Over 500 members have agreed to present their research and teaching efforts – and Section liaisons built their sessions for a second time. Even more members are participating in the important panelist, discussant, and moderator roles. It seems that in the past we worked together to build a great program. This year everyone has done that – and built the hotel!

These efforts will benefit over 1,300 members who are registered to attend.

The meeting sessions will take on some characteristics of a “flipped” classroom, with content available in advance and the opportunity to interact during the synchronous meeting sessions. The result will be four days of live paper and teaching/education sessions, plenaries, and networking – and over 600 presentations that can be reviewed asynchronously.
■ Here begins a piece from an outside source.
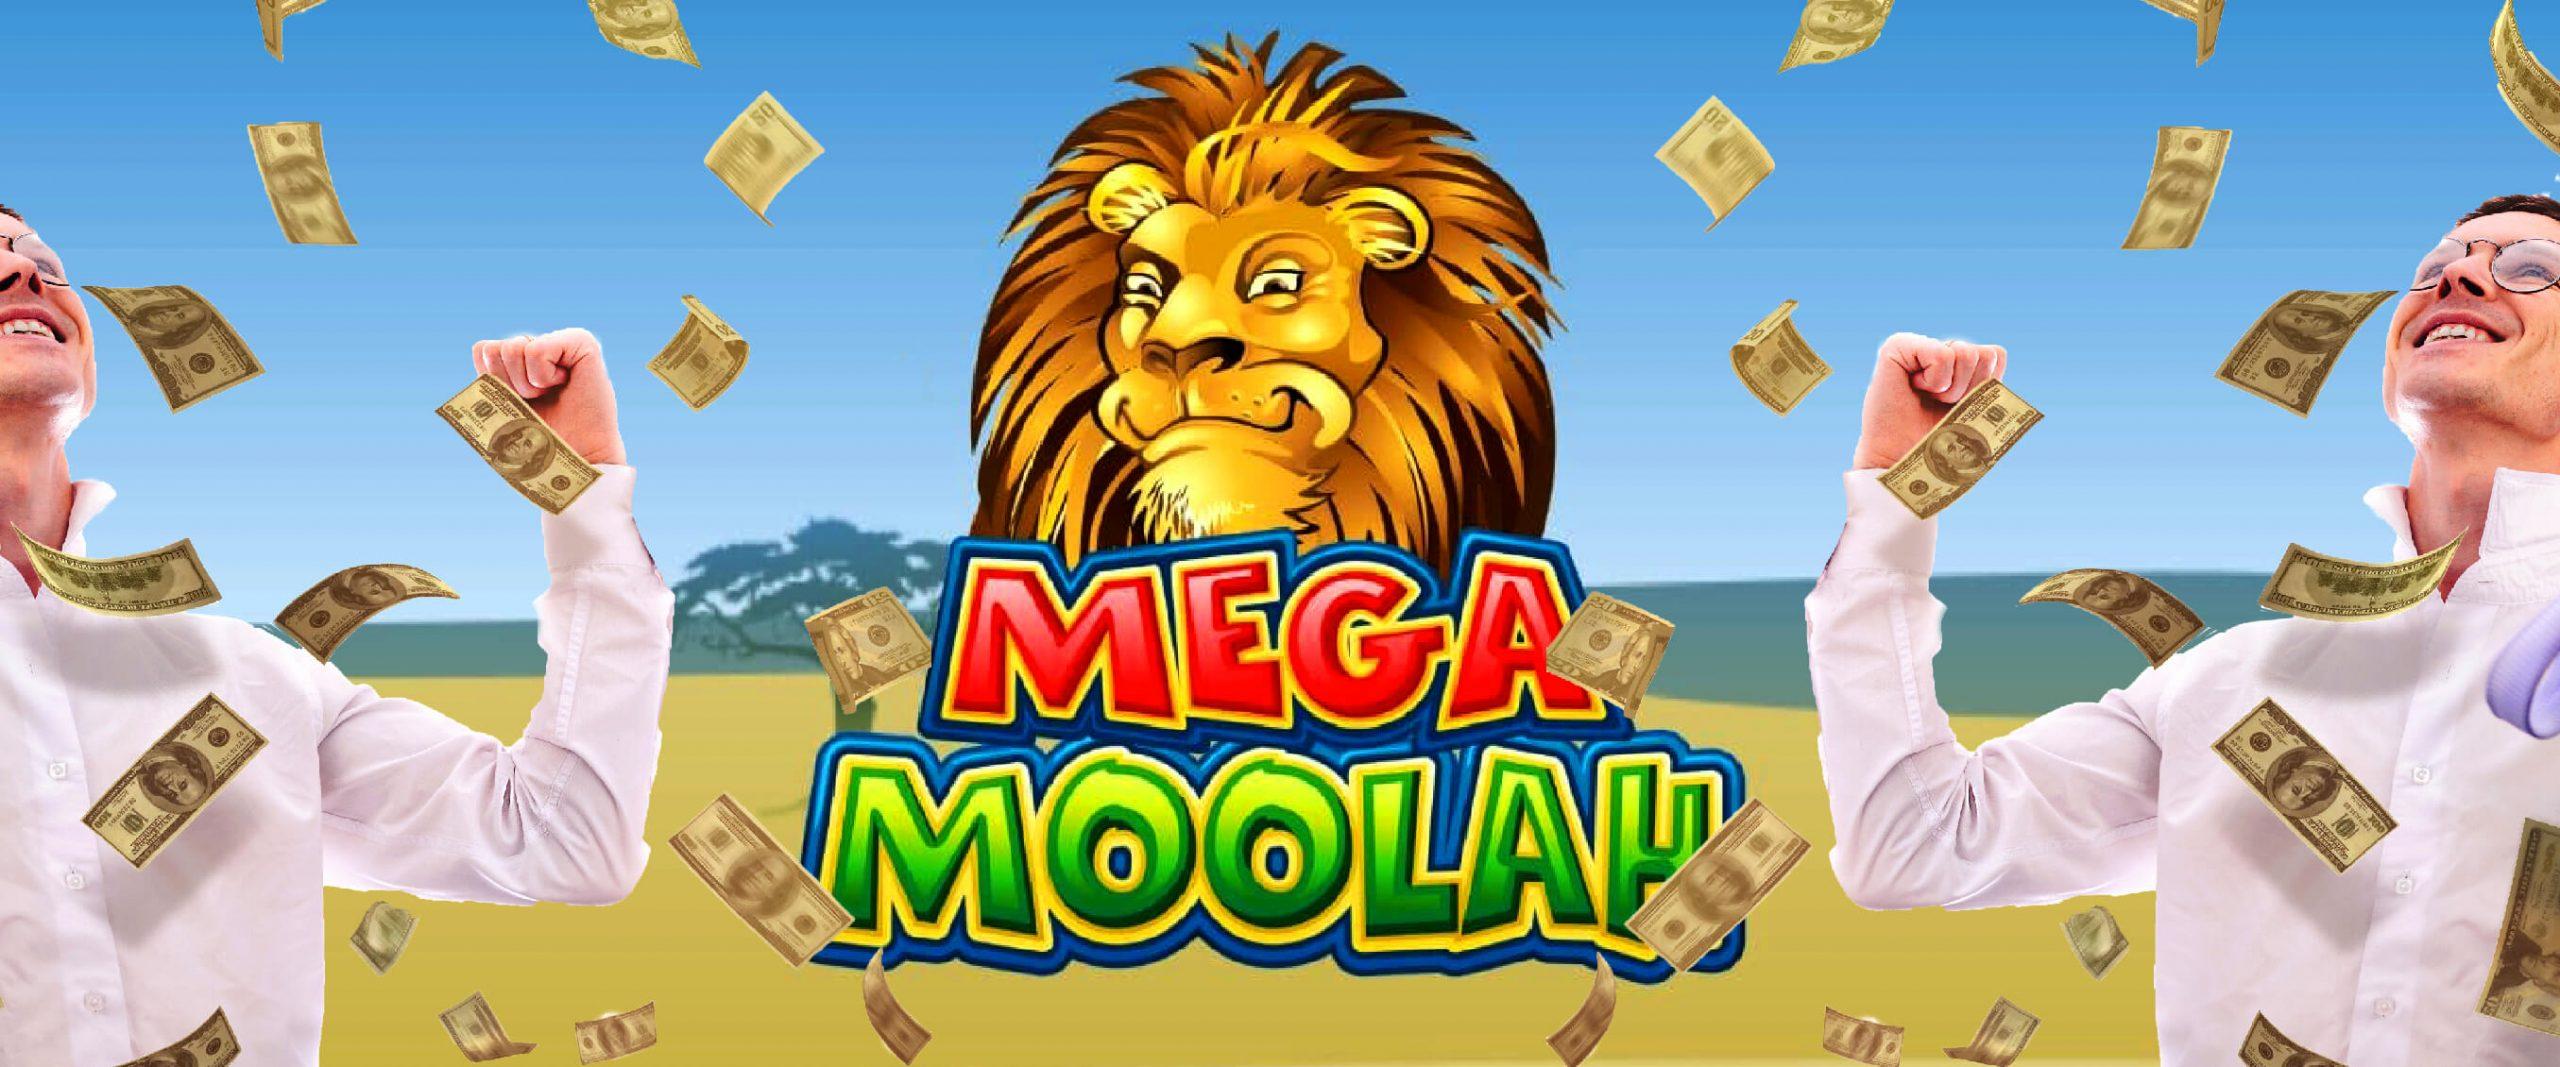 Pemain Optibet memenangkan Mega Moolah

This is delivered through two integrated components:

Live Conference Site:

Over 150 research, teaching, and practice-related sessions will be broadcast live.

The Conference on Teaching and Learning is being held concurrently, available to all.

It’s easy to move between sessions in both the Annual Meeting and CTLA.

All sessions will be recorded so you won’t miss anything!

There are opportunities to reconnect with your colleagues:

  • Sections have scheduled events for their members,
  • Exhibitors will be attending – in a 3-D virtual Exhibit Hall,
  • Sponsors will be hosting live events,
  • Evening block parties will be held
  • There is a live Networking Lounge where you can go for face-to-face conversations with colleagues you “bump into” in the breaks (think zoom break out rooms)

Awards: opportunities to honor your colleagues as they receive recognition

Earn up to 20 hours of CPE by responding to at least 3 poll questions during each session

Presentation Gallery:

Over 600 presentations are posted and available to review asynchronously.

Infographic summaries, video overview presentations, abstracts, working papers, and handouts provide multi-dimensional insights into the presentations.

The infographics and videos provide an opportunity for those outside of the academy to become familiar with the research presented – and then to dig into the working papers to learn more.

All submissions receive a DOI (Digital Object Identifier), providing enhanced credentialing and visibility as a scholarly work.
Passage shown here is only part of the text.